I don't get fancy with rub's. We like the old staple of SPOG. I'm just getting into injecting so I can't answer that one.

Chris


----------



## phatbac (Apr 19, 2018)

I like to use a steak seasoning for beef ribs (back or short). so use what you like on steak. Salt pepper onion garlic works well or i like something like a Montreal or Chicago seasoning. i usually put them in the hottest part of my smoker run around 275-300 at that part of the smoker and smoke them unwrapped for about 3.5-4 hours at those temps. i don't cook to temp i cook till they look and feel done. about 190 degree IT someone mentioned is a good temp for them. if its back ribs or a short plate make sure to temp between the bones. if you want to braise the above mentioned liquid recipe would work well and add a nice rich beefy flavor. (just not something i do)
 here are some pics of beef ribs (back) i have done in the past...












IMG_20170610_095500.jpg



__ phatbac
__ Jun 11, 2017






 here is what i mean about Chicago steak seasoning...












IMG_20170610_063544.jpg



__ phatbac
__ Jun 11, 2017






Happy Smoking,
phatbac (Aaron)


----------



## RandyinNI (Apr 19, 2018)

Ok thanks for the help


----------



## RandyinNI (Apr 20, 2018)




----------



## dl8860 (May 12, 2018)

Hey Randy.
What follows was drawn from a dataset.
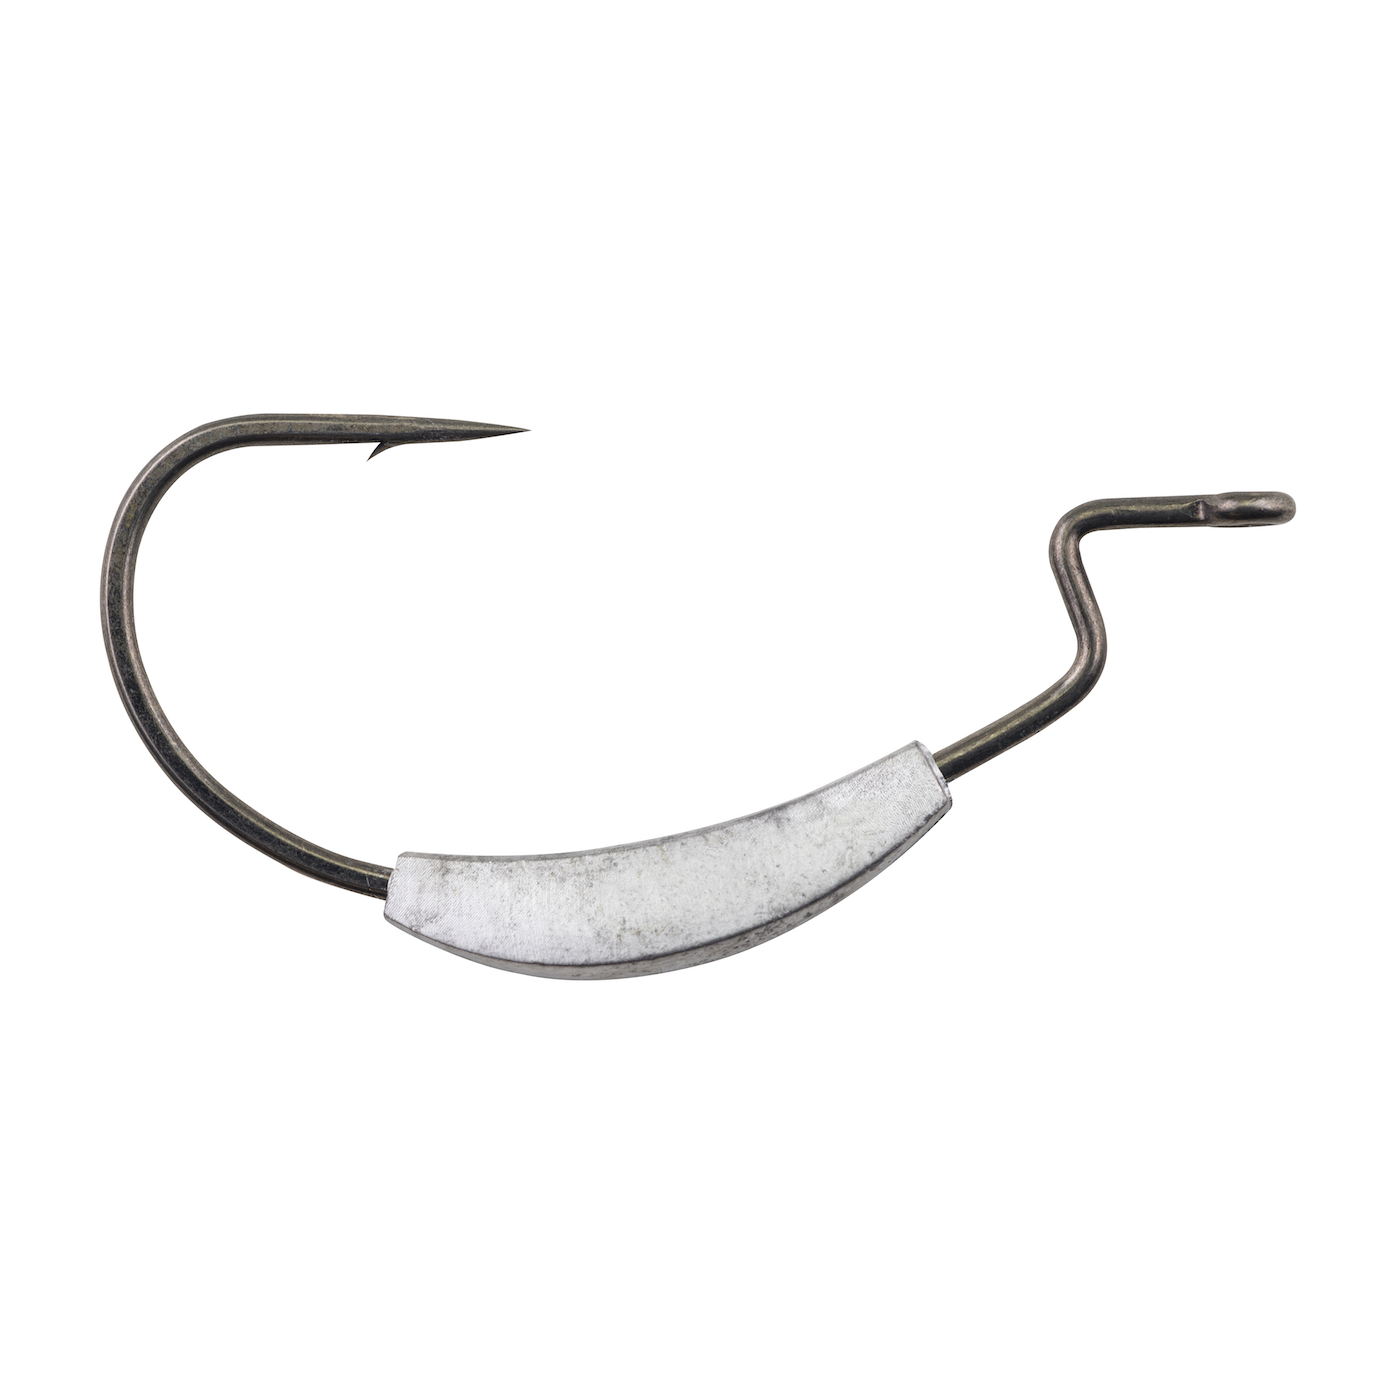 The Weighted EWG hooks can be rigged with craws, creatures and worms. The weighted hook shank allows for longer casts and an attractive action beneath the surface near the targeted cover. Sizes 3/0 through 7/0 are available in packages of five for $5.99.

Prepped ribs look good, shame about the choice of beer though! how did they turn out? Did you separate them before cooking? Doing my first beef ribs today, just broken through the stall at 160F


----------



## RandyinNI (May 12, 2018)

dl8860 said:


> Hey Randy. Prepped ribs look good, shame about the choice of beer though! how did they turn out? Did you separate them before cooking? Doing my first beef ribs today, just broken through the stall at 160F


They turned out well.  I could of cooked longer but ran out of time.  Tried to cook to similar temp as brisket.  I didn't separate them.  I definitely will make them again


----------